Return all the data verbatim but without images.

*** Opening of Dataset excerpts ***

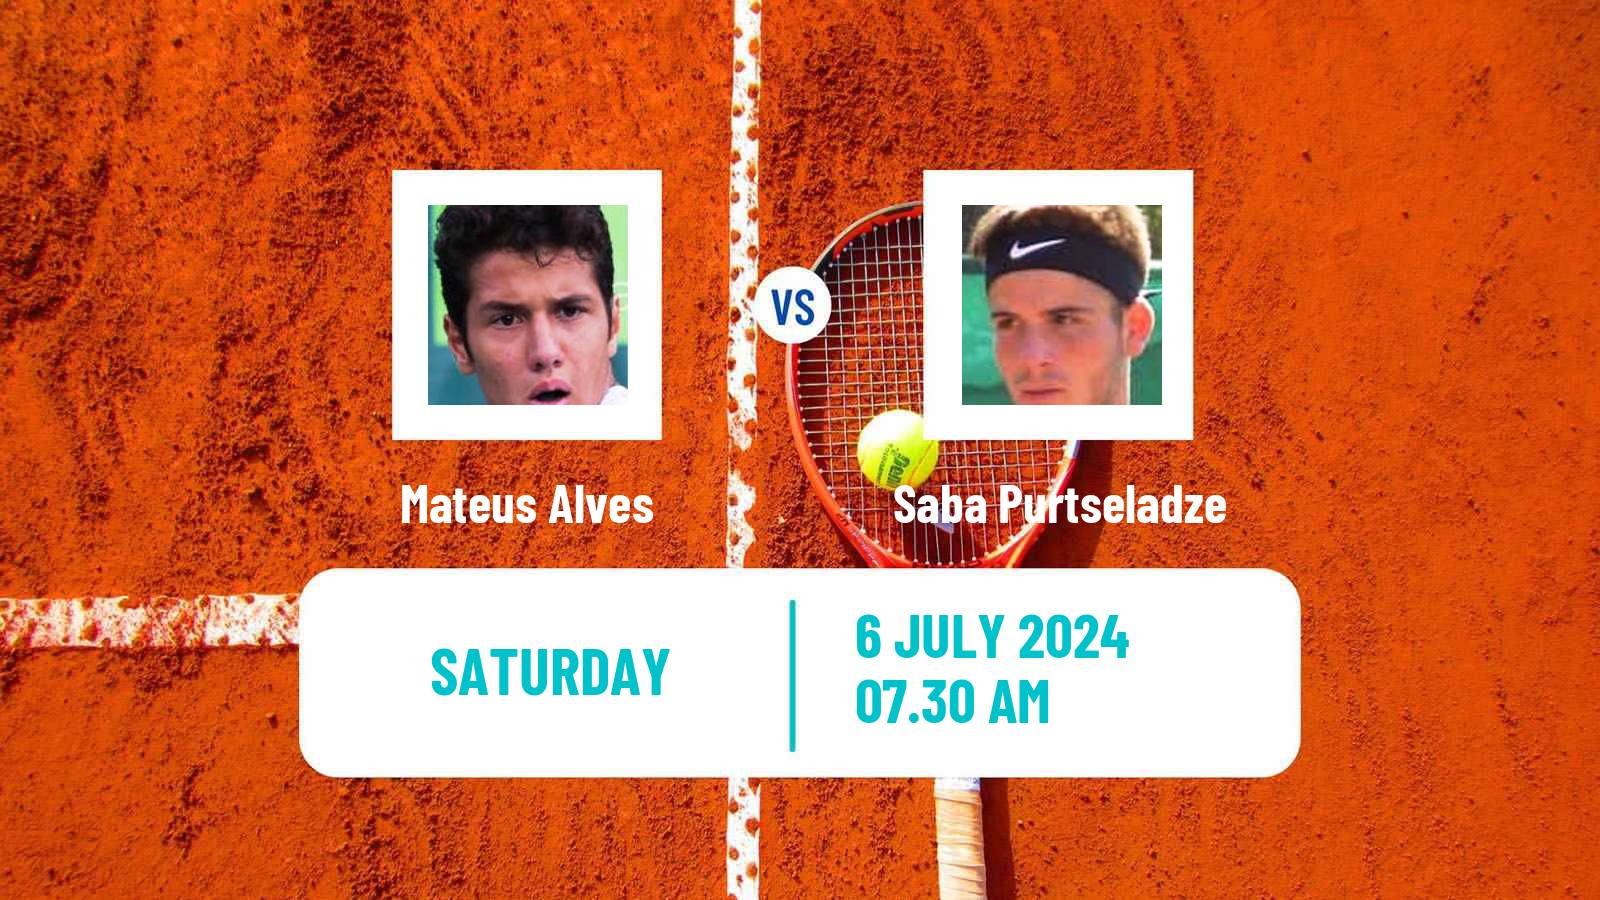 Tennis ITF M25 Marburg Men Mateus Alves - Saba Purtseladze
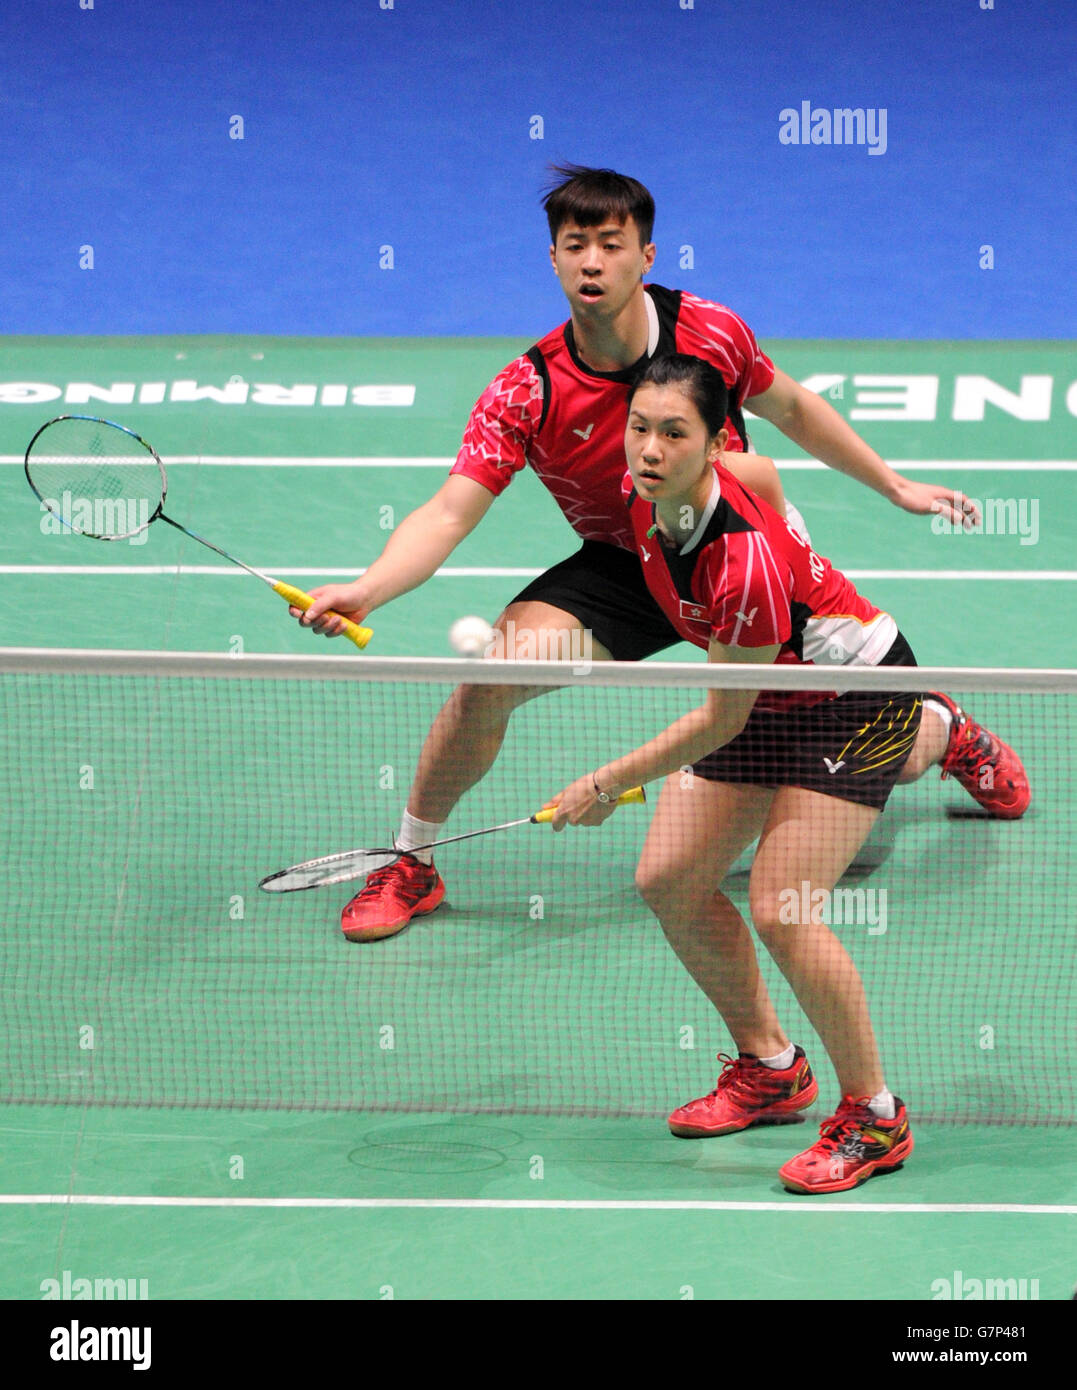 Lee Chun Hei et Chau Hoi Wah (avant) de Hong Kong en action pendant le deuxième jour des Championnats de badminton Yonex de toute l'Angleterre de 2015 à la Barclaycard Arena, Birmingham. Banque D'Images
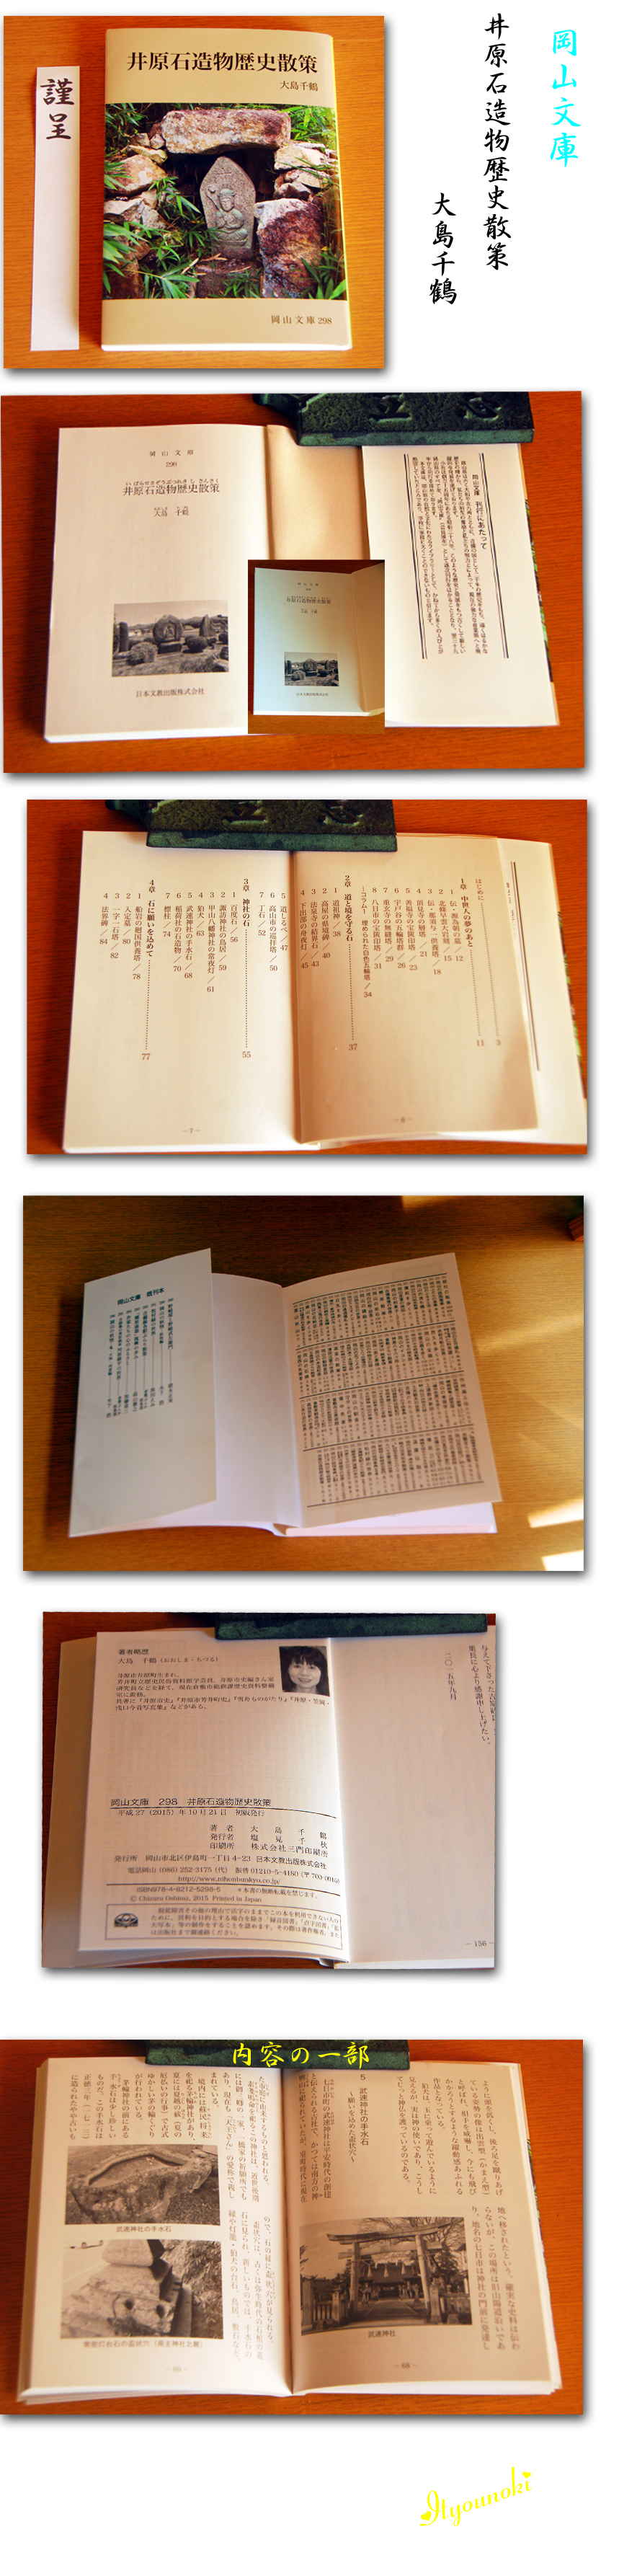 銀杏の樹 一期一会 岡山文庫から大島千鶴著 井原石造物歴史散策 出版されました
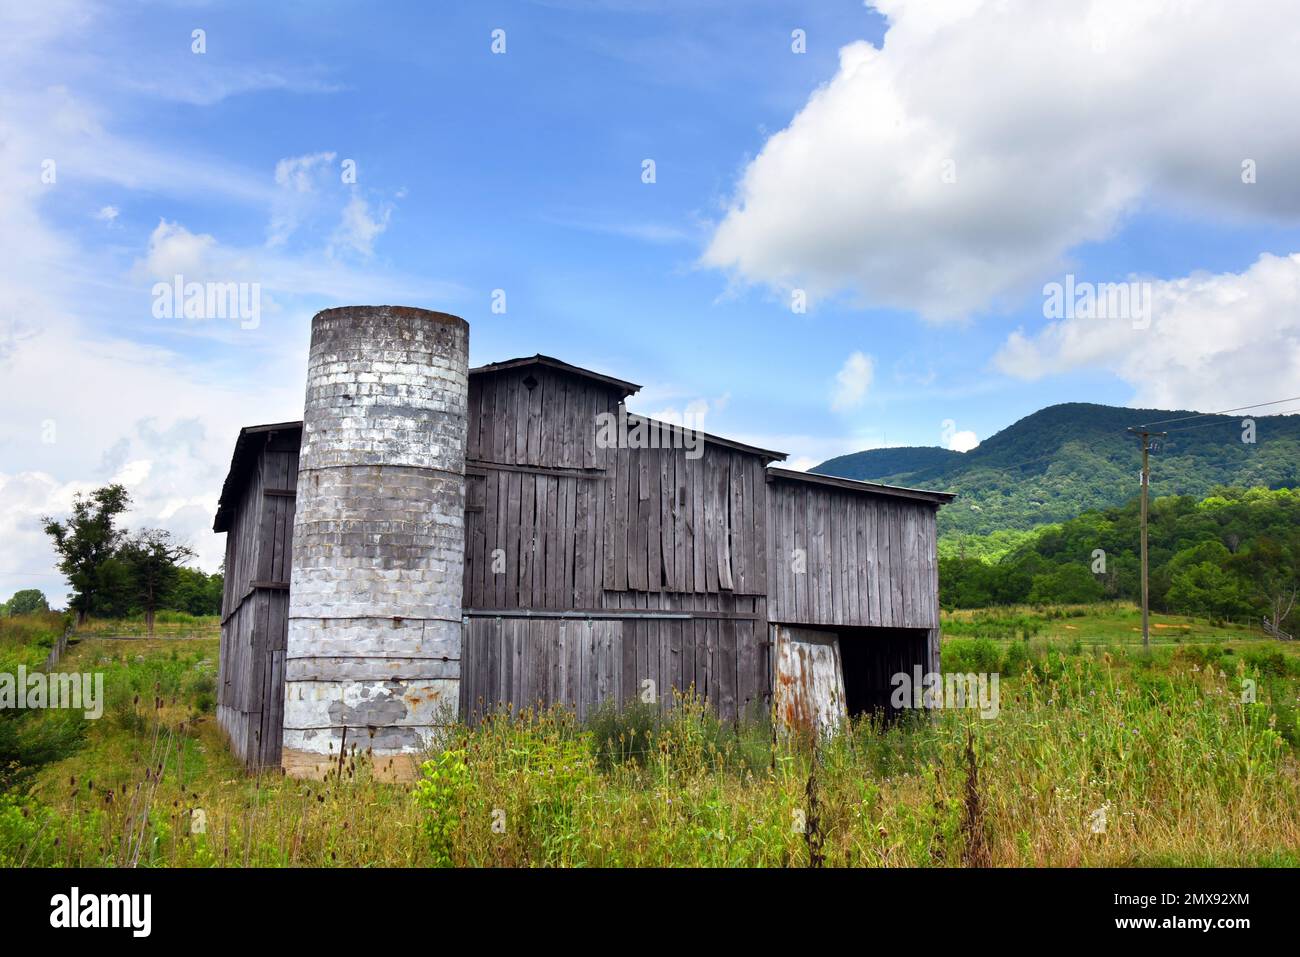 Rústico, desgastado, granero de madera tiene silo sin techo. Se asienta en un campo de hierba alta. Foto de stock
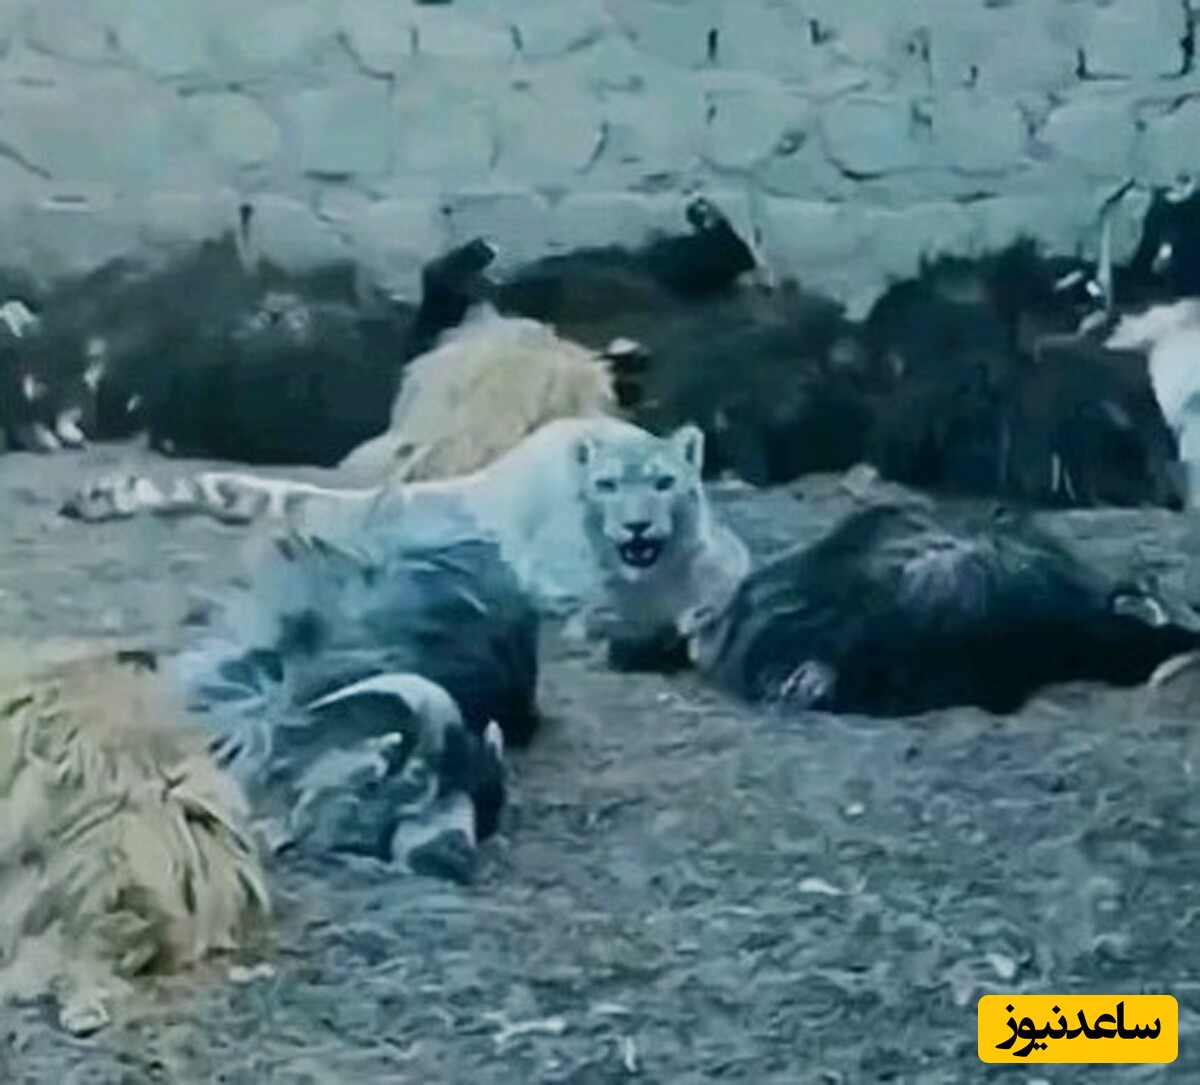 حیات وحش؛ حمله پلنگ سنگدل به یک گله گوسفند / چوپان چه جرأتی داره که وایستاده فیلم می‌گیره!
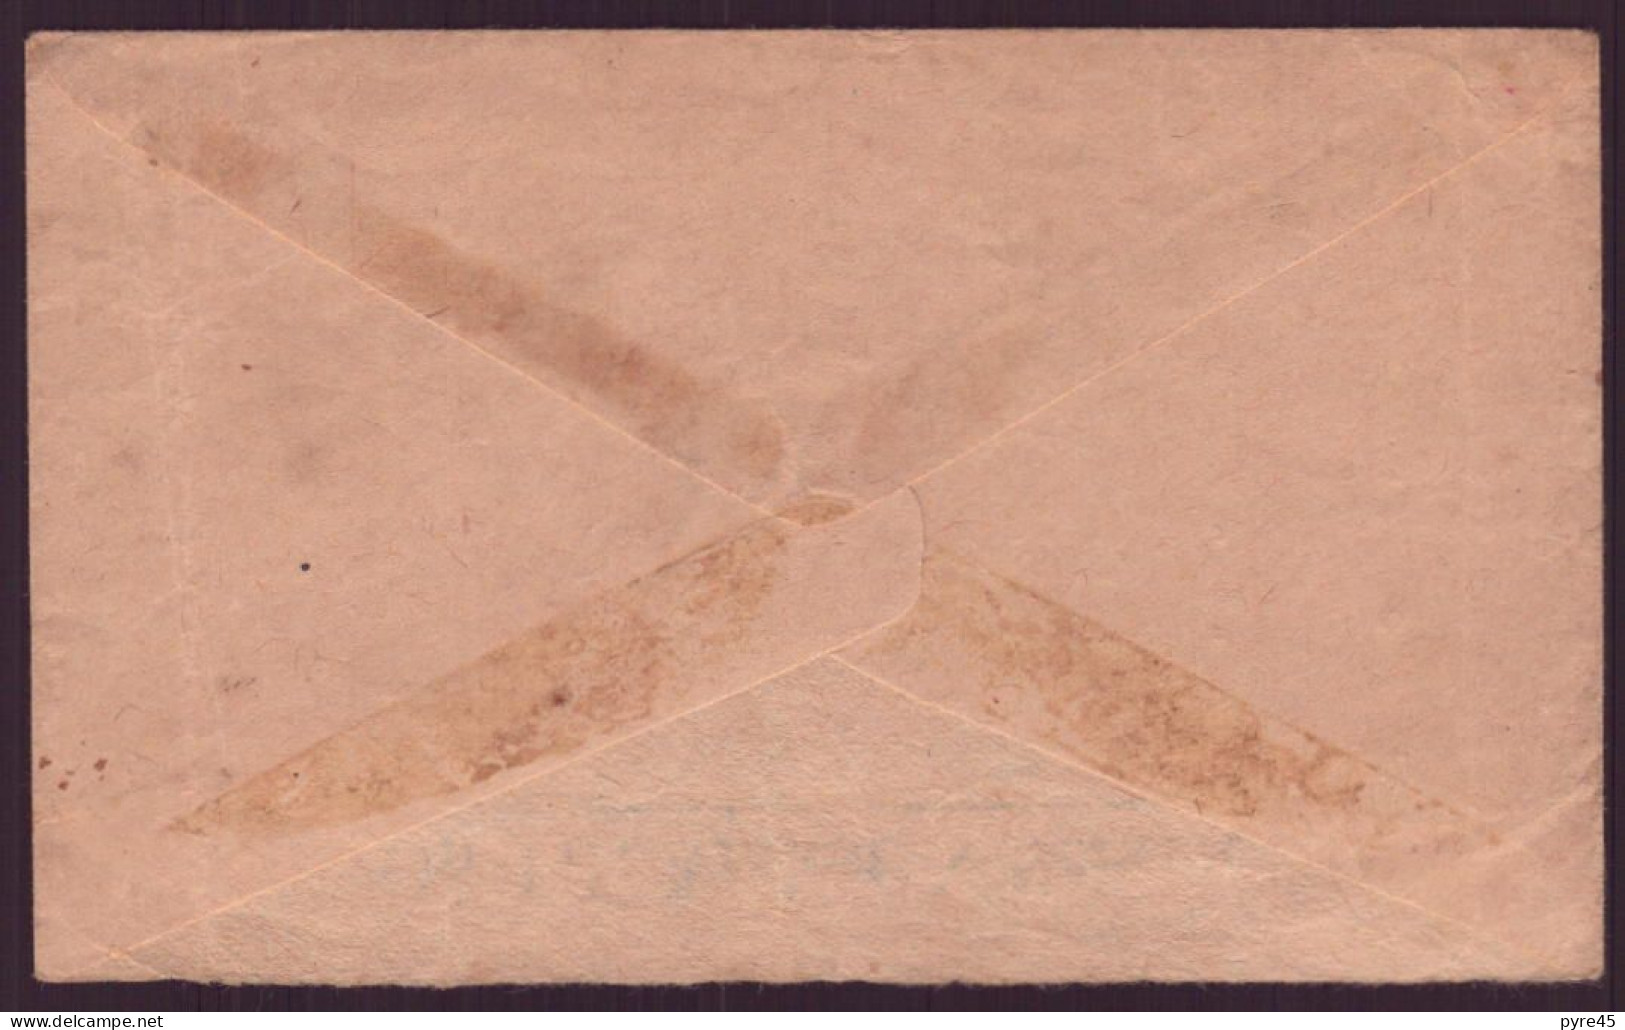 Grande-Bretagne, Enveloppe De 1945 Pour Paris, Tampon De Vérification - Non Classés

*** Close of Dataset excerpts ***

§ **Written answer**:
 Tennis ITF M25 Marburg Men Mateus Alves - Saba Purtseladze
 Lee Chun Hei et Chau Hoi Wah (avant) de Hong Kong en action pendant le deuxième jour des Championnats de badminton Yonex de toute l'Angleterre de 2015 à la Barclaycard Arena, Birmingham. Banque D'Images
 銀杏の樹 一期一会 岡山文庫から大島千鶴著 井原石造物歴史散策 出版されました
 Rústico, desgastado, granero de madera tiene silo sin techo. Se asienta en un campo de hierba alta. Foto de stock
 حیات وحش؛ حمله پلنگ سنگدل به یک گله گوسفند / چوپان چه جرأتی داره که وایستاده فیلم می‌گیره!
 Grande-Bretagne, Enveloppe De 1945 Pour Paris, Tampon De Vérification - Non Classés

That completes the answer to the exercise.